Пашка вынырнул из кустарников парка, заметил меня, секунду поколебался, потом подошел поздороваться. При нем было все его рыбацкое снаряжение. Под мышкой он нес буханку черного хлеба, от которой отщипывал куски и с аппетитом жевал. Я опять почувствовал себя застигнутым на месте преступления. Он окинул оценивающим взглядом мою светлую рубашку с распахнутым воротом и сильно расклешенные по последней моде брюки. Прощально кивнул и пошел прочь. Я вздохнул с облегчением. Но Пашка вдруг обернулся и грубовато бросил:
– Пошли, чего покажу! Пошли, не пожалеешь…
Если бы он остановился в ожидании ответа, я бы промямлил какую-нибудь отговорку. Но он, больше не оглядываясь, уже шел дальше. Я нерешительно побрел следом.

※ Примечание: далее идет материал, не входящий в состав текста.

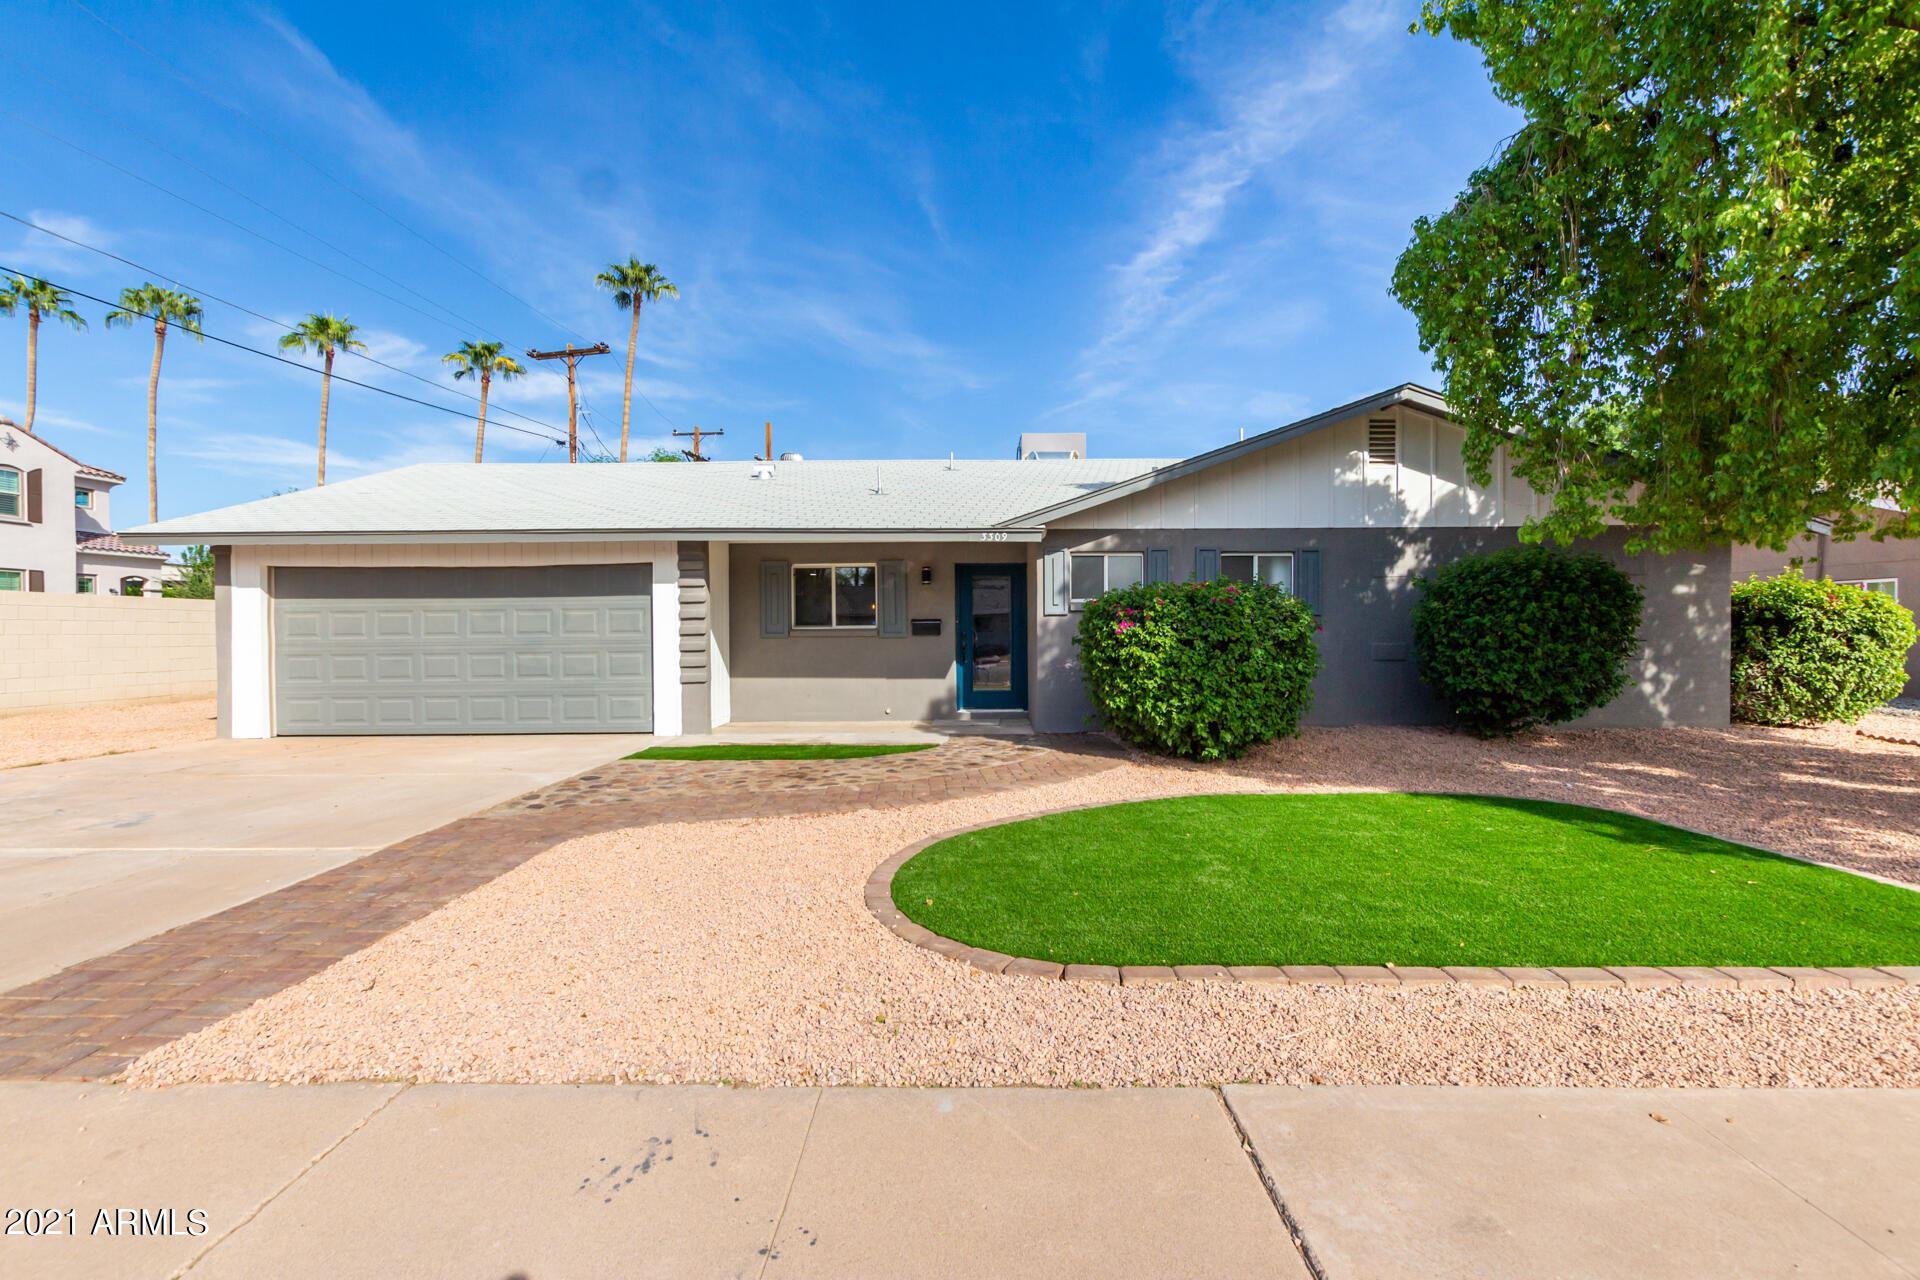 3309 N 25TH Place, Phoenix, AZ 85016 - MLS#: 6299495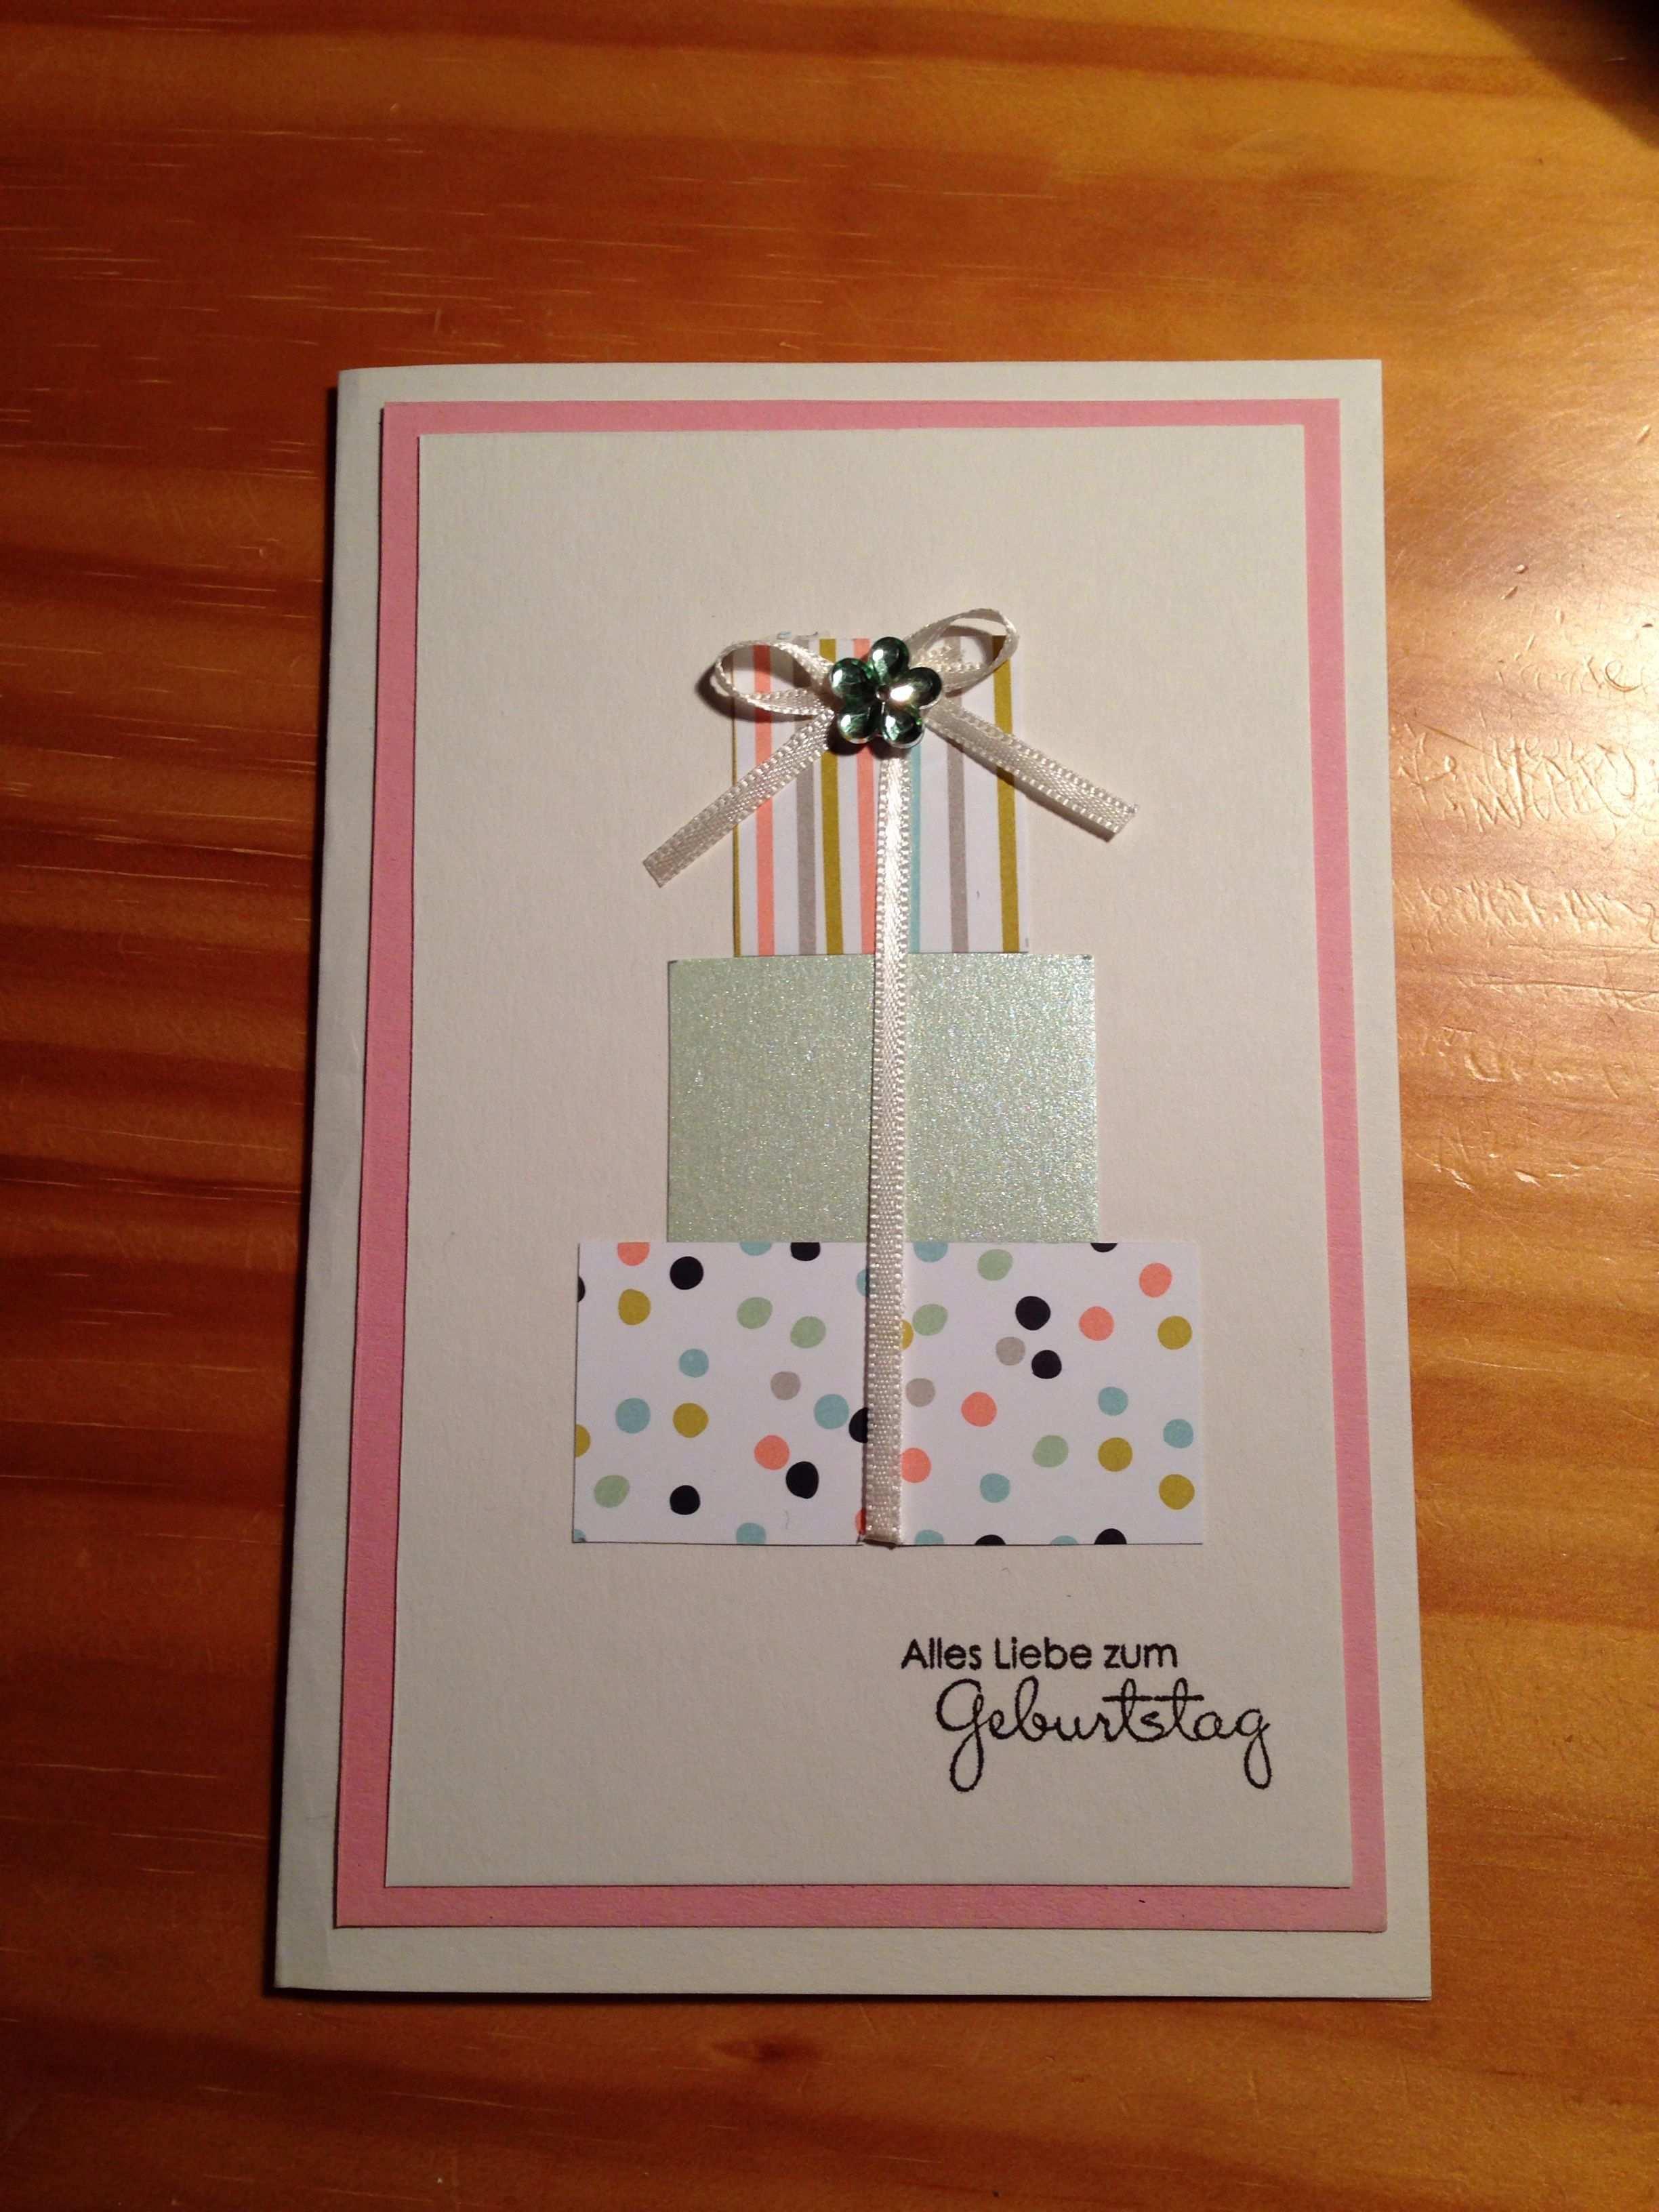 Geburtstagskarte Karten Basteln Geburtstagskarte Karten

Мы спустились к Волге, миновали порт с его огромными кранами, доками, крытыми шифером складами. Потом ниже по реке свернули на обширный пустырь, где громоздились полуразвалившиеся баржи, изъеденные ржавчиной железные конструкции, штабеля гниющих бревен. Пашка спрятал свою снасть под одним из этих трухлявых стволов и принялся перепрыгивать с развалины на развалину. Был там еще заброшенный дебаркадер, какие-то мостки на понтонах, ходившие ходуном под ногами. Впрочем, стараясь не отстать от Пашки, я не заметил, когда именно мы оставили твердую землю и оказались на плавучем острове корабельного лома. Я цеплялся за болтающийся поручень, соскакивал во что-то вроде джонки, перешагивал через борта, оскользался на мокрых бревнах какого-то плота…
Наконец мы очутились в устье канала с крутыми берегами, сплошь заросшими цветущей бузиной. Всю его поверхность, от берега до берега, покрывали, словно колония ракушек, старые суда и суденышки, в фантастическом беспорядке теснящиеся борт к борту.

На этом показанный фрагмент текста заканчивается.